La presidente dell’associazione Gemellaggi Maria Scolaro, ha invece spiegato come la mission dell’associazione sia quella promuovere le collaborazioni sul territorio e di far avvicinare i popoli in ottica di condivisione di pace, solidarietà e rispetto reciproco. «Fare rete è importante perché iniziative come queste servono a far conoscere i progetti dentro e fuori il territorio e molti di essi hanno una ricaduta non solo in termini umani ma anche economici, spostando molto spesso un numero ingente di persone». La musica ha un linguaggio universale e «la scuola Sarti sta portando avanti un impegno importante, promuovendo numerose attività con grandi sforzi e contribuendo a valorizzazione il linguaggio musicale» spiega Carla Benedetti, dell’Associazione gemellaggi. Con questa iniziativa la Sarti si fa quindi portavoce di un valore culturale anche a livello internazionale.
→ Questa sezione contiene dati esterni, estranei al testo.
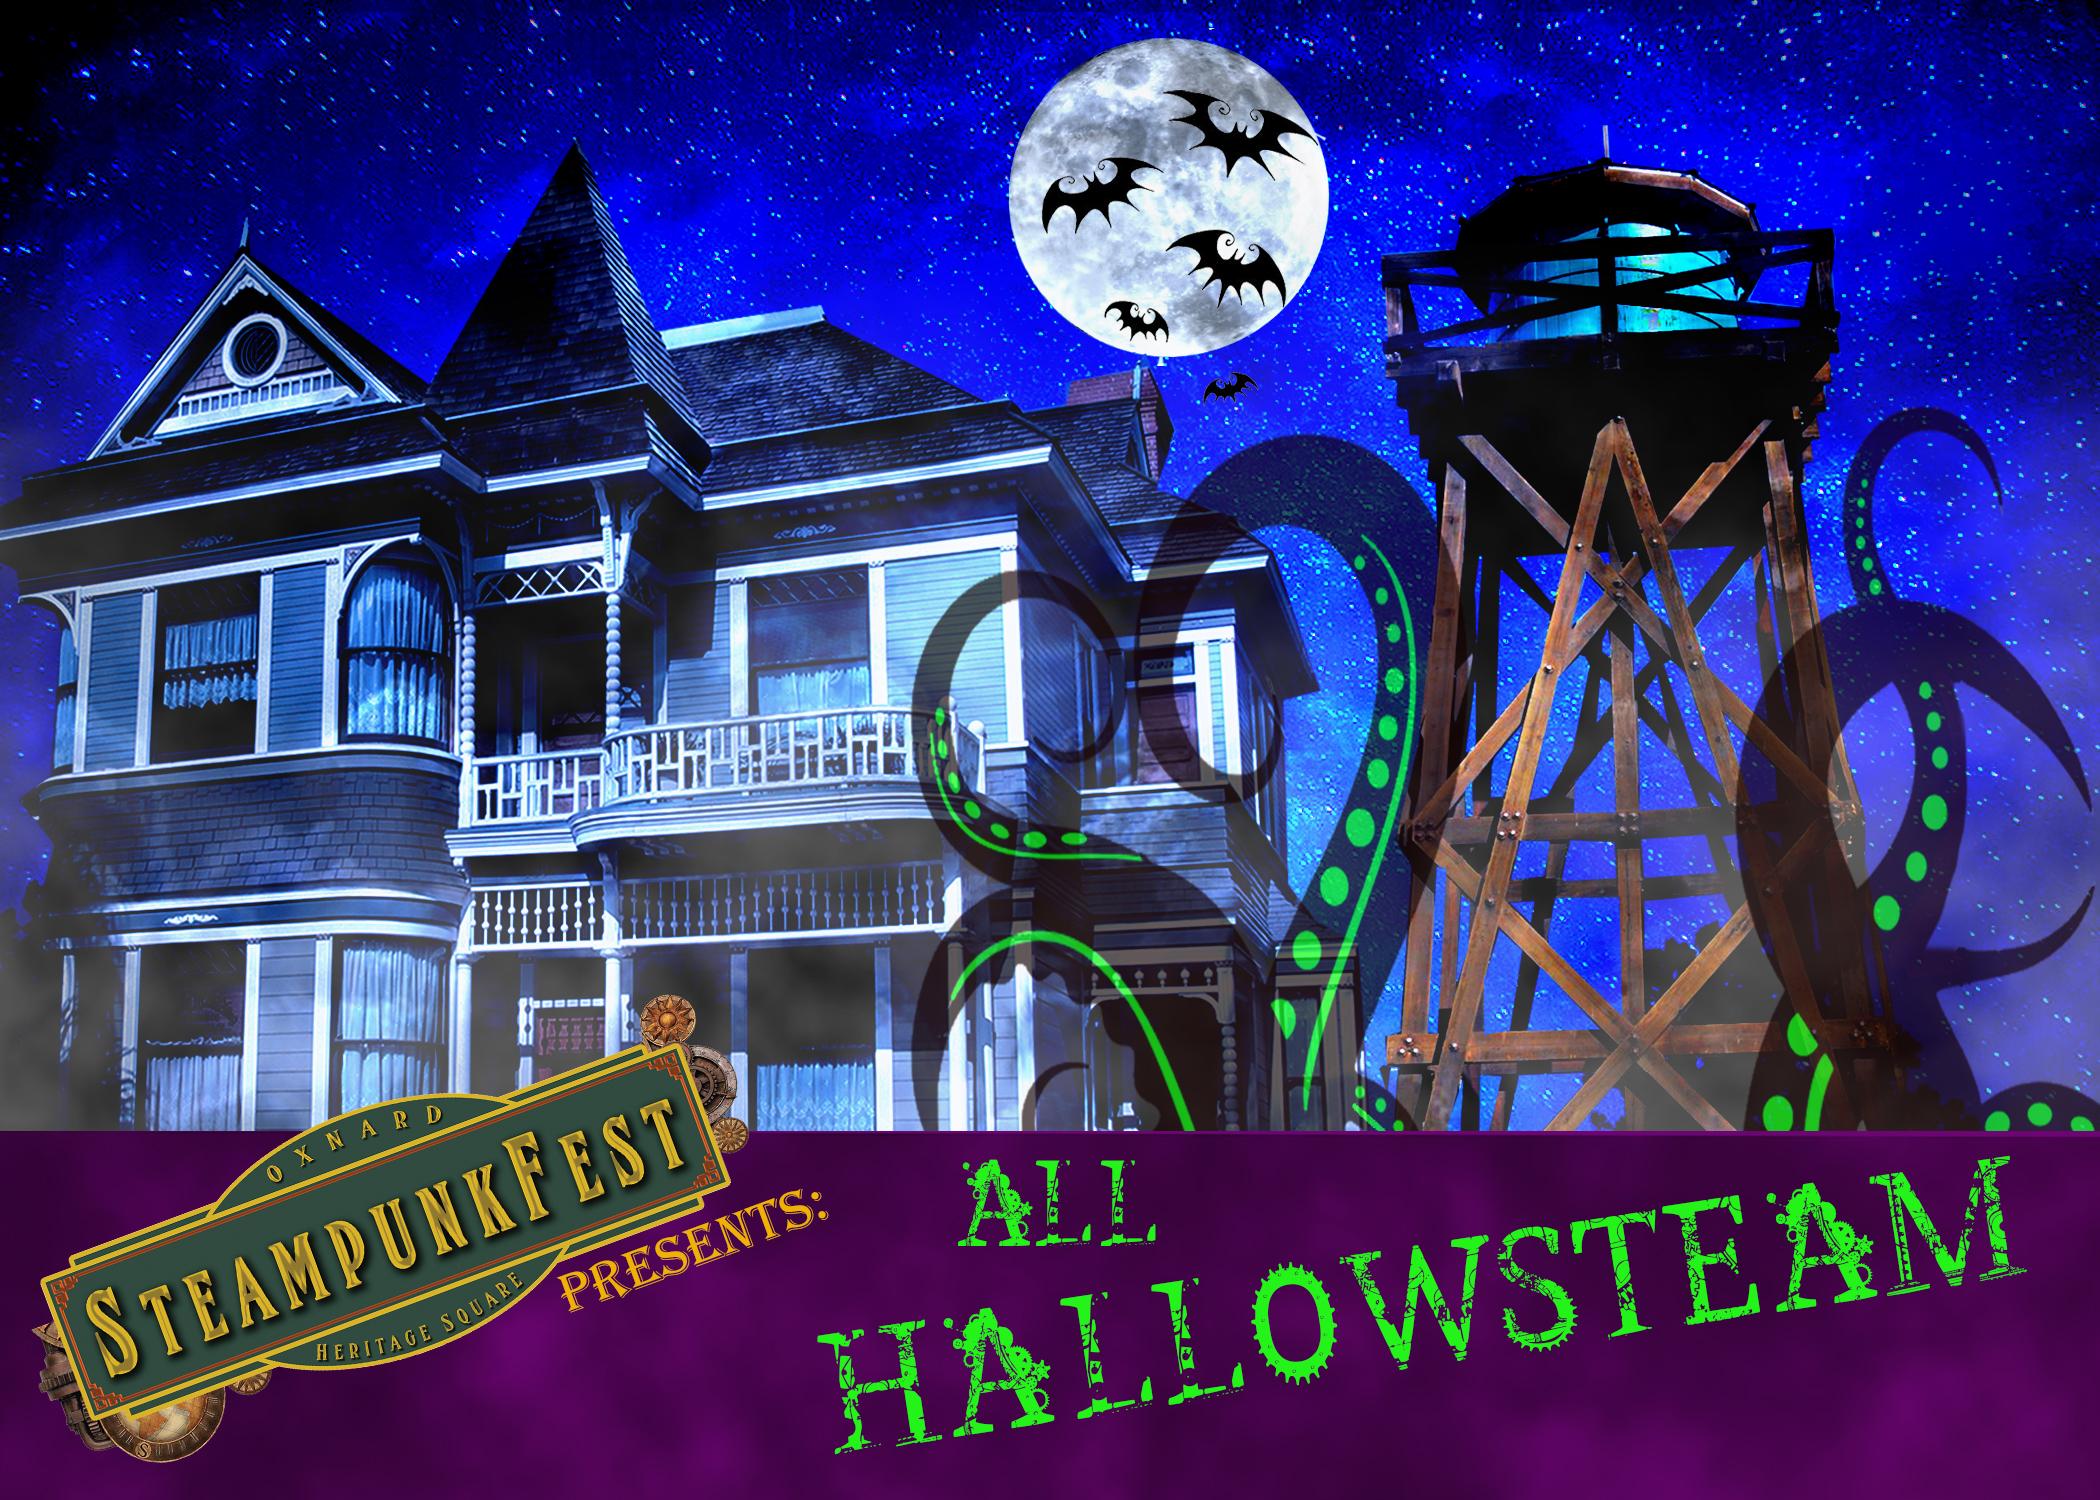 Oxnard Steampunk Fest: All Hallowsteam
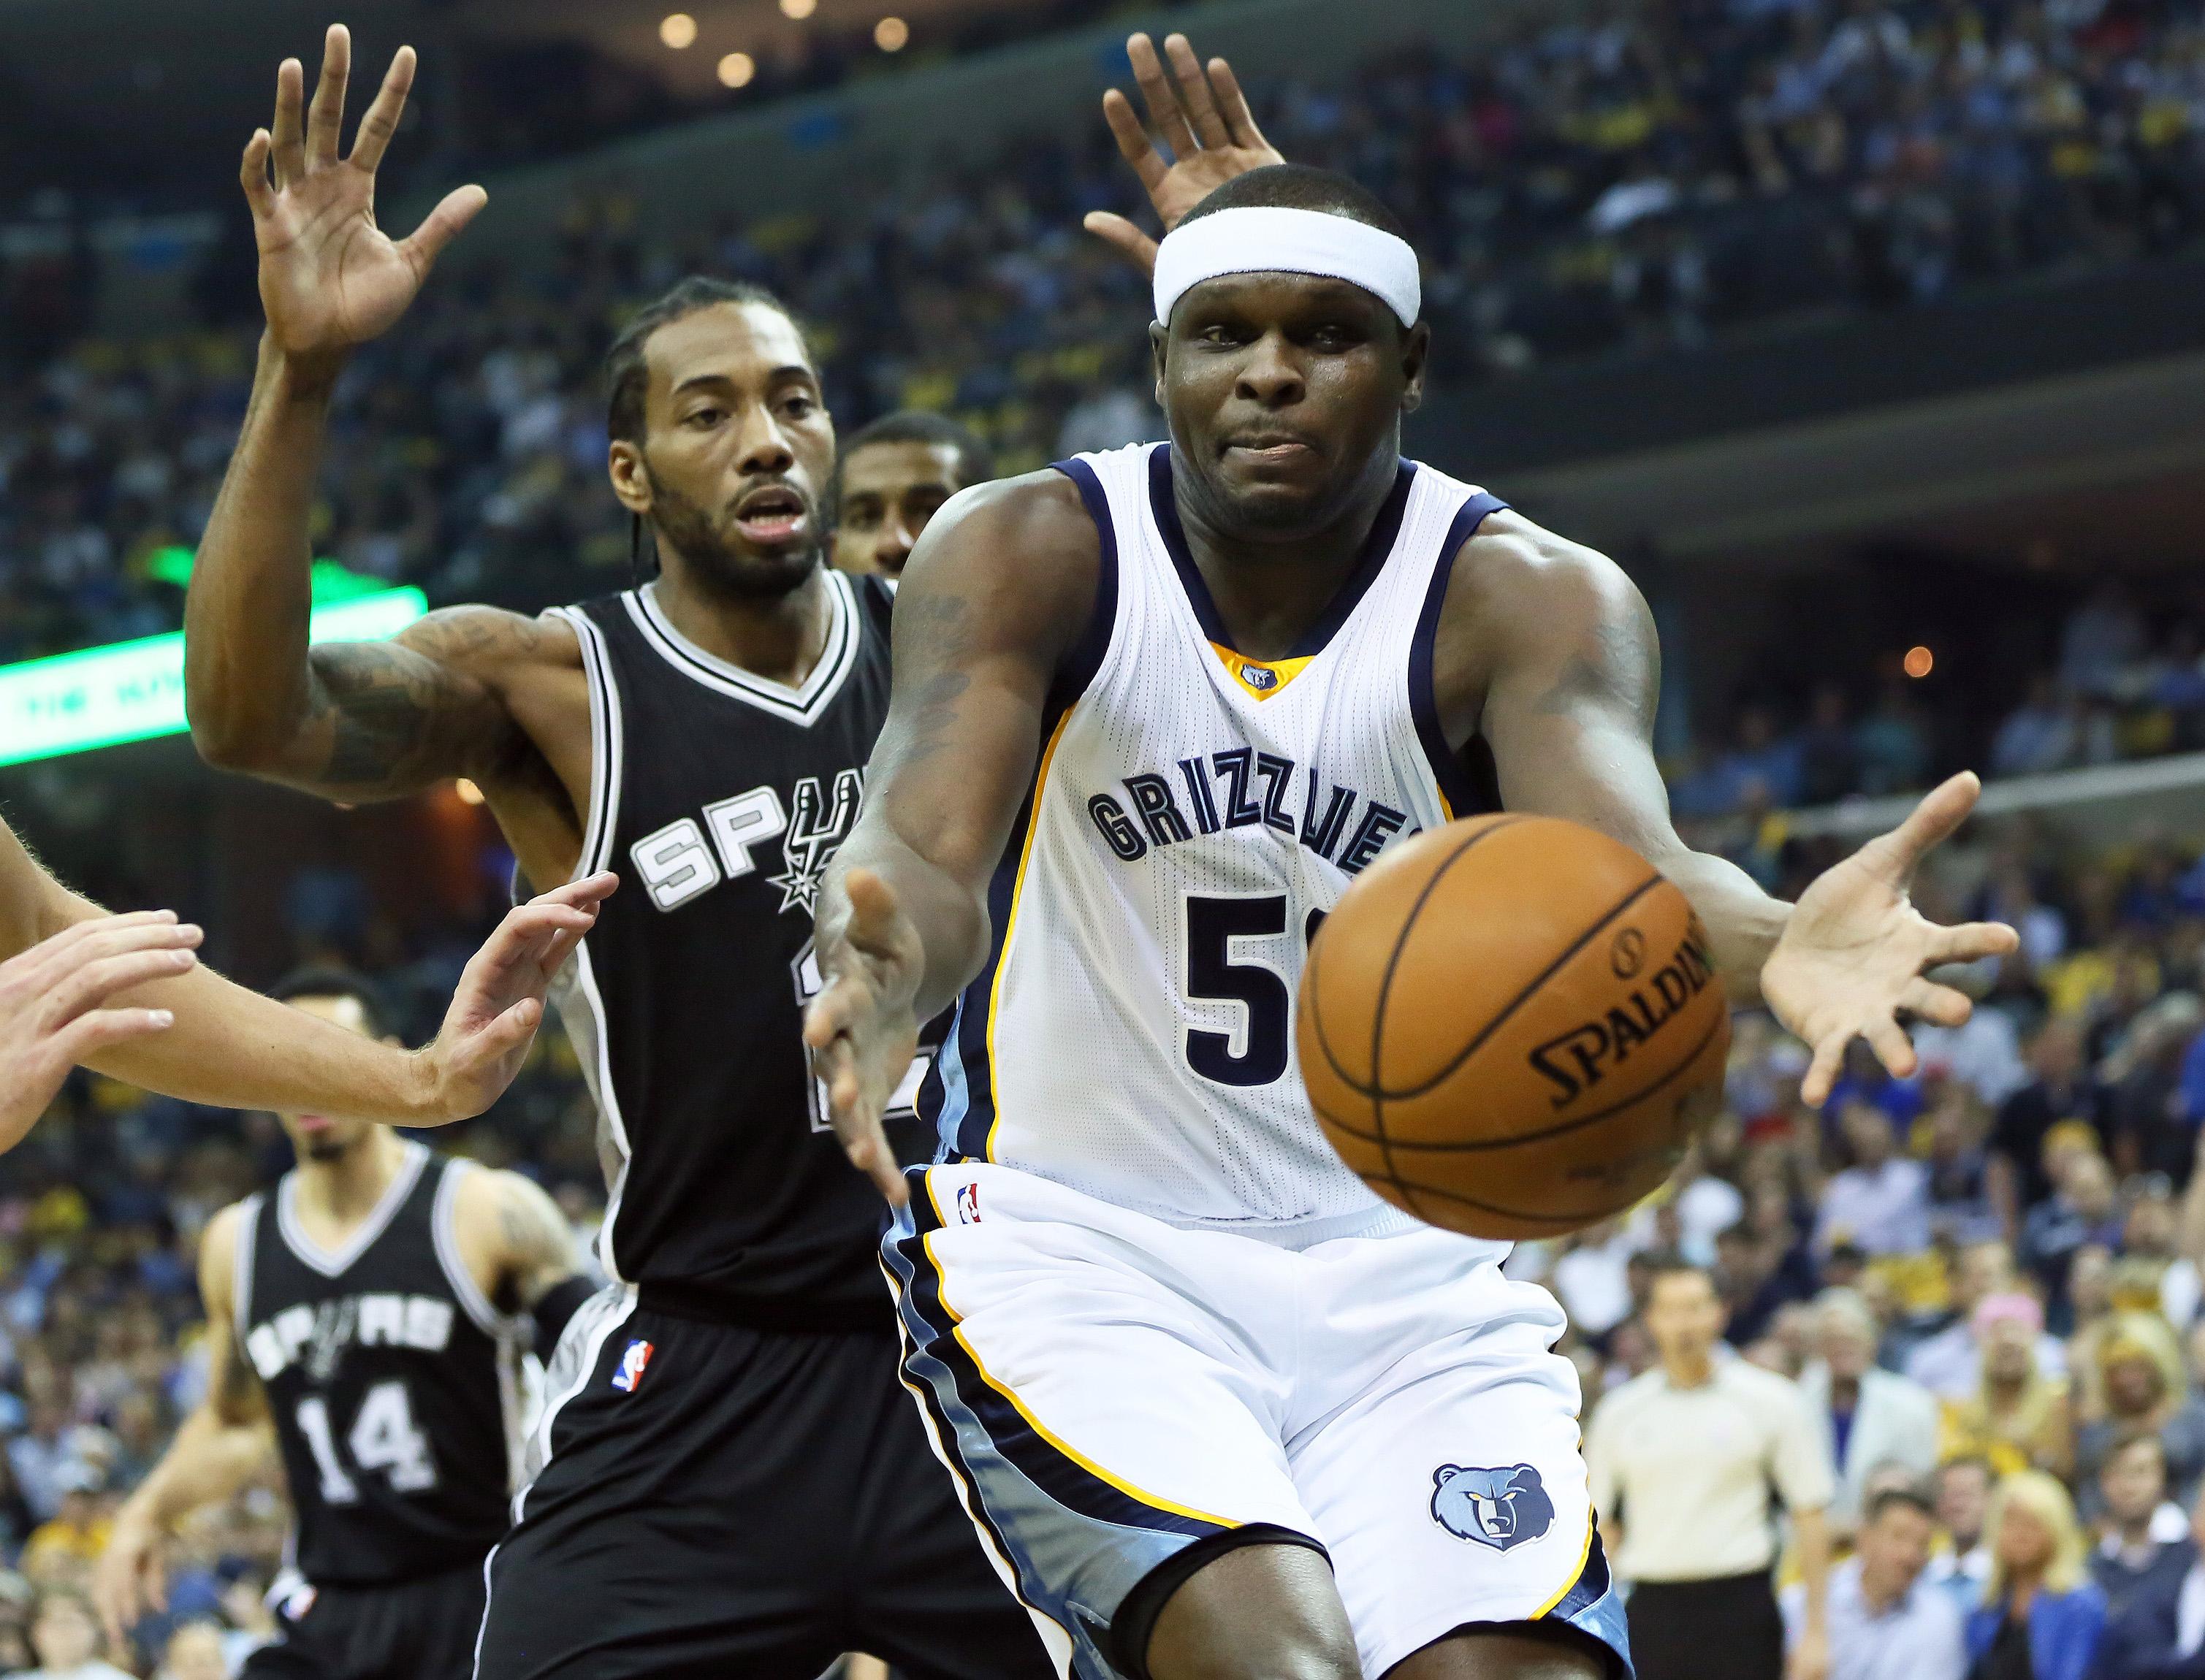 Zach randolph memphis grizzlies - Nba Playoffs San Antonio Spurs At Memphis Grizzlies

La Scuola da anni «crea talenti ed eccellenze – conclude Filippo Lo Piccolo, rappresentante degli studenti della Sarti e violoncellista: – l’ambito culturale ha bisogno di formarsi dal basso e grazie al sostegno reciproco con le altre associazioni, è possibile contribuire a diffondere il concetto di musica come cultura quotidiana».

La Sarti Big Band Jazz Art Ensemble

Il collettivo musicale nasce nell’autunno del 1997 all’interno dei corsi di musica Jazz dei Maestri Alfredo Impullitti e Silvio Zalambani nella Scuola Comunale “Giuseppe Sarti” di Faenza. Il gruppo, composto da allievi e insegnanti della scuola, si è esibito in festival, rassegne ed eventi musicali, collaborando con musicisti come Steve Grossman, Kenny Wheleer, Gary Bartz, Paolo Fresu, Gianluigi Trovesi, Tino Tracanna, Pierre Favre, Javier Girotto, Fabrizio Puglisi, Stefano Battaglia, Marco Tamburini, Gabriele Mirabassi, Achille Succi, Federico Lechner connotando l’ensemble come un laboratorio permanente per musicisti attenti sia ai linguaggi dell’improvvisazione, che alla musica contemporanea e dei nostri giorni. Il “Sarti Big Band Jazz Art Ensemble”, attualmente diretto da Daniele Santimone, è reduce dalla collaborazione con Barbara Casini e Paolo Silvestri in occasione della seconda edizione del Festival “Fiato al Brasile”, che ha ospitato tra gli altri la Big Band dell‘università di Riberão Preto dello Stato di San Paolo Brasile. L’ensemble ha partecipato a tutte le edizioni successive di “Fiato al Brasile” ed è ora impegnato nella produzione di un progetto che coinvolge un’altra importante realtà della scuola, l’Ensemble d’archi “G.Sarti” diretto da Paolo Zinzani.